Won't menu: View=>View Options/grid options and then set one of the labels to "Megapixels" do it for you?

You also have the choice of "Cropped Dimensions".

Hal


----------



## ebmarketa (Jul 8, 2011)

Thanks for the reply.

I tried megapixels and it's not what I need - it will be the same number for all of my photos. Cropped dimensions is also not useful for what I want. I use file size as one criterion to help me select the sharpest photo out of several nearly identical ones - the sharpest pictures is usually the largest. 

Marketa


----------



## Victoria Bampton (Jul 8, 2011)

Hi Marketa, can you explain a little further?  Is it pixel dimensions you're looking for, or file size on disc (i.e. in kb)?  The megapixels or cropped dimensions would give you a good idea of how much image is available, although file size would be smaller for more compressed images.  I'm not sure I'm quite understanding what you're looking for.


----------



## Hal P Anderson (Jul 8, 2011)

Victoria, 

I think I know what the OP wants: sharper pictures have finer detail, hence they won't compress as much. So they want to see the file size on disk to quickly judge which of several shots of the same scene is sharpest, which isn't available.



marketa,

I reckon that the answer is no, you can't do it. It's a worthy thing to want, though, and there's a pointer at the top of the home page of this forum that links to the official Adobe request site.

Hal


----------



## Victoria Bampton (Jul 8, 2011)

Interesting use - that makes sense


----------



## Brad Snyder (Jul 8, 2011)

If I understand you, you're asking for the size of the raw file, which you won't actually be using for anything. In order to use it, you'll have to export it, subject to a whole dialog box of configurable options.
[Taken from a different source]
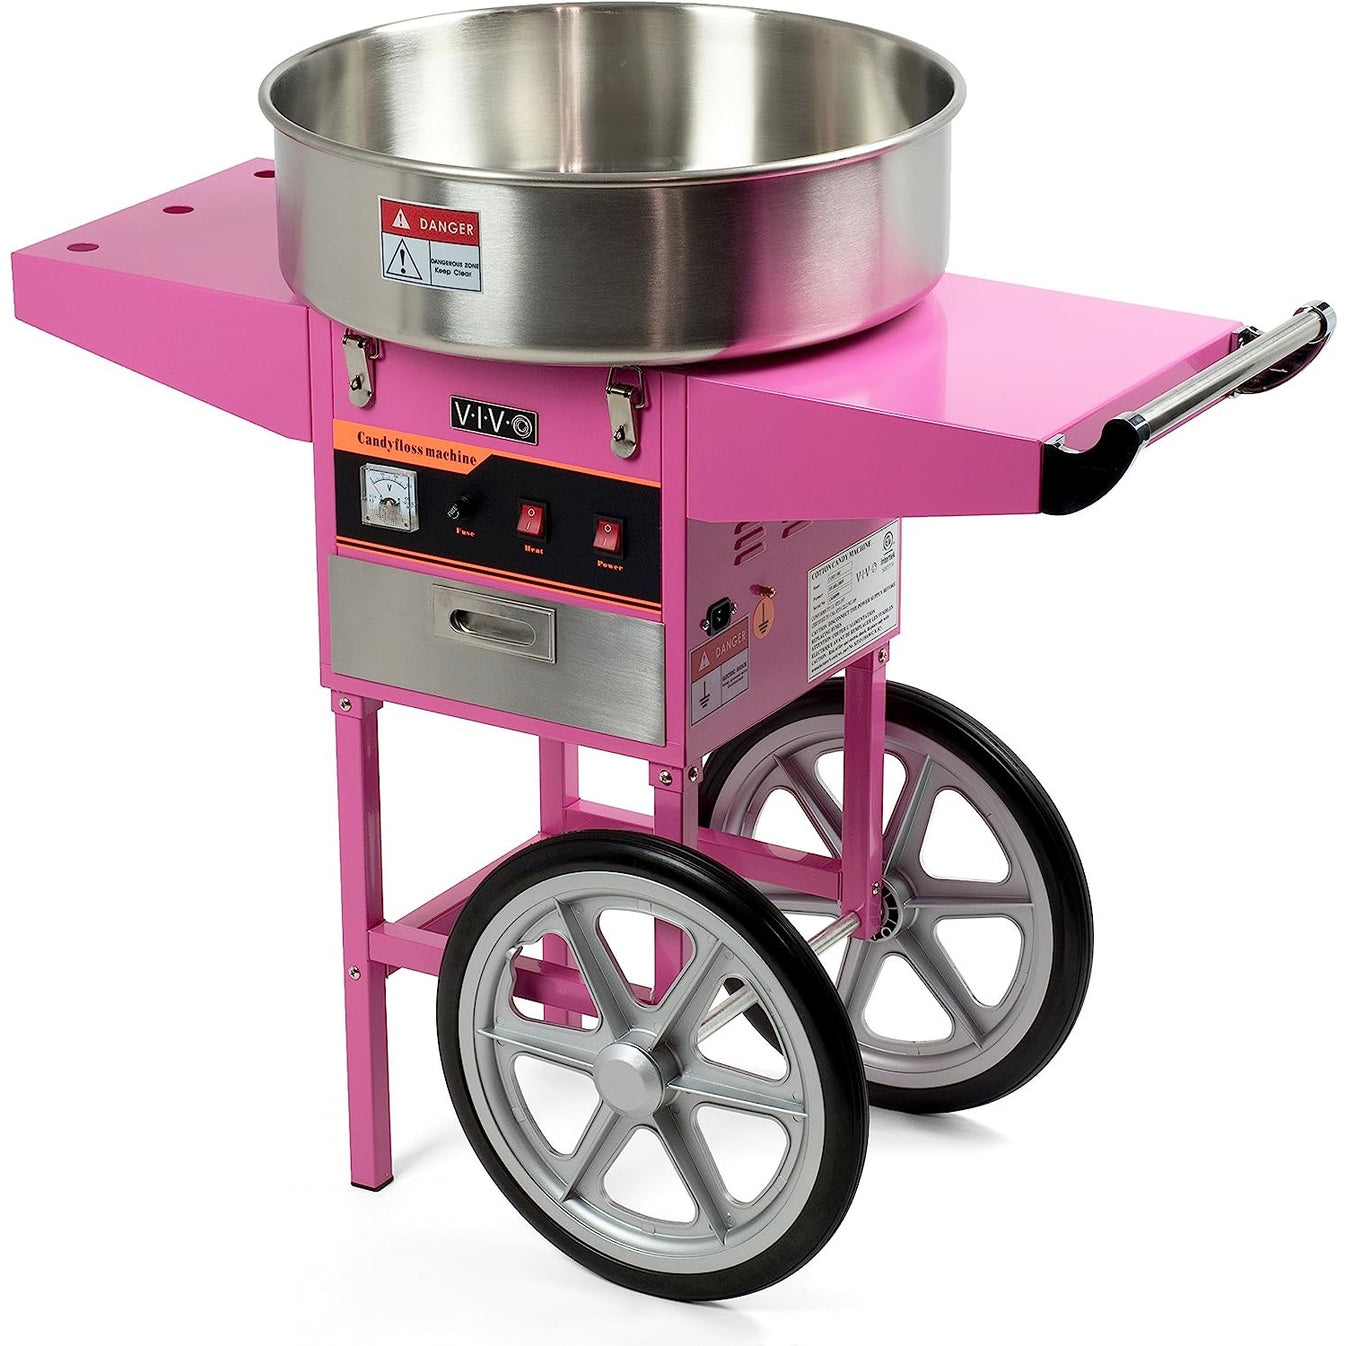 Create A Sweet Party Atmosphere With This Colorful Cotton Candy Machin 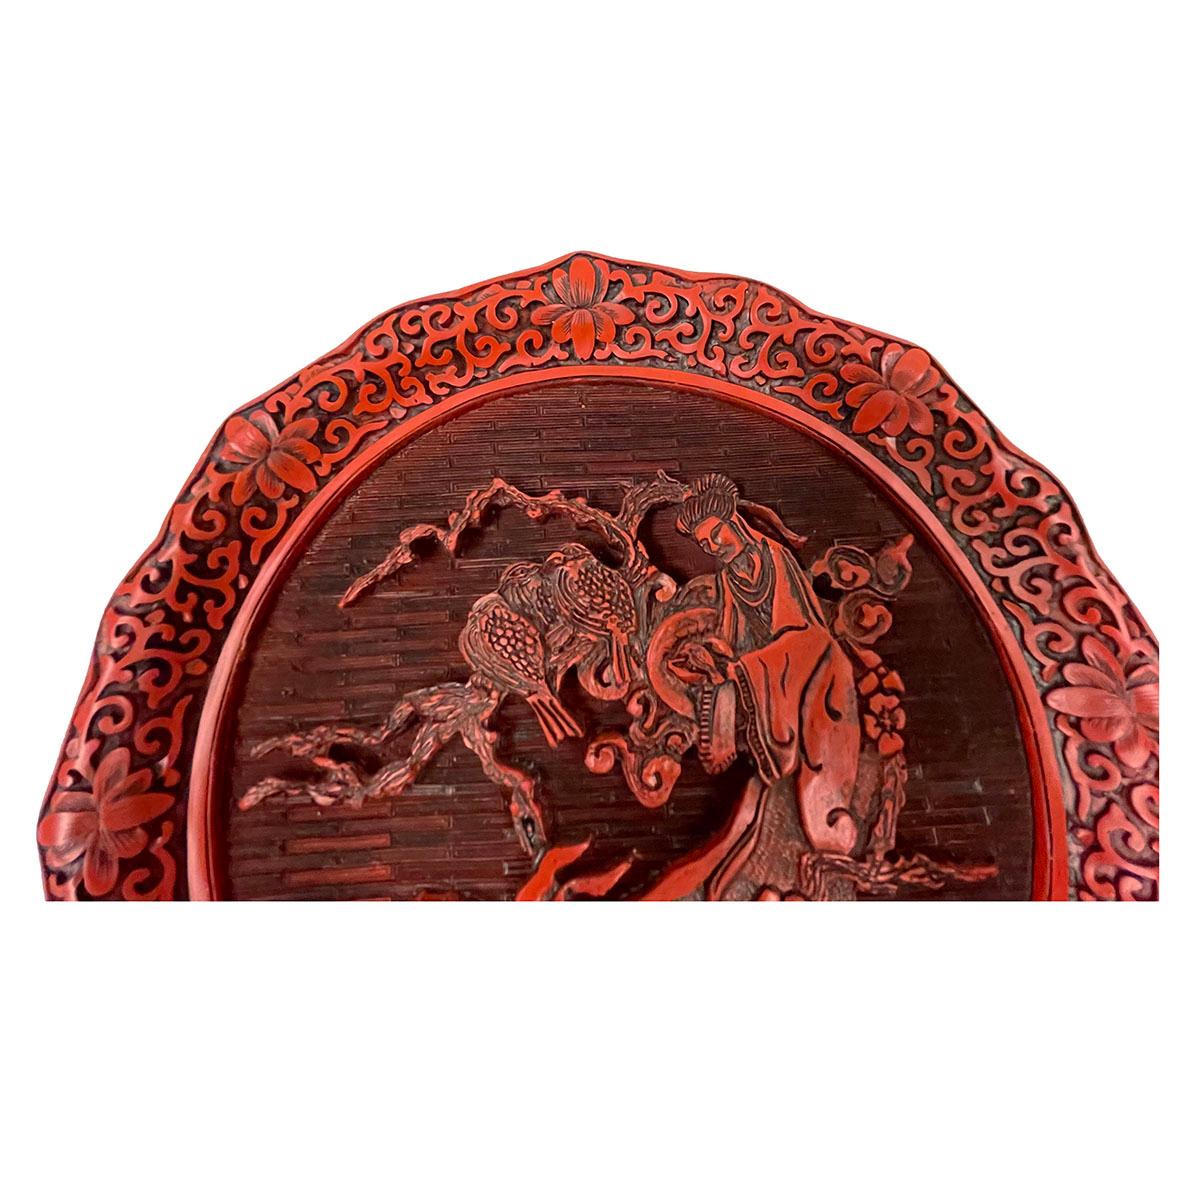 This stunning Chinese hand carved cinnabar lacquered plate is a limited edition to 19,500 pieces total. This plate is numbered 3969. It named The Sense of Tough, an original works of art in the tradition of Chu Yuan-Chang, from the Ming Dynasty.

So you're asking for the size of a file that doesn't yet exist. 

That said, it does seem a) an oversight, or b) a weird design choice, that the variable isn't available for display.


----------



## dj_paige (Jul 8, 2011)

Hal P Anderson said:


> Victoria,
> 
> I think I know what the OP wants: sharper pictures have finer detail, hence they won't compress as much.
> 
> Hal



It would be nice to hear the original poster confirm that this is her reasoning ... instead of assuming this is what she is asking for.


----------



## b_gossweiler (Jul 8, 2011)

Hal P Anderson said:


> I think I know what the OP wants: sharper pictures have finer detail, hence they won't compress as much. ...



... and so do the ones with the most noise ...

Beat


----------



## ebmarketa (Jul 9, 2011)

Yes, Hal is correct. I like to see the file size in kb to help me decide which one of similar shots has the most detail. Since the photos were probably taken within seconds of each other, noise is not an issue. I can still compare the photos by clicking on each file and looking at file size in the metadata panel on the right but it's more awkward. I had Photo Mechanic configured to put file size right under the file name and hoped it was possible in Lightroom.  

Thanks for your replies.

Marketa

Marketa


----------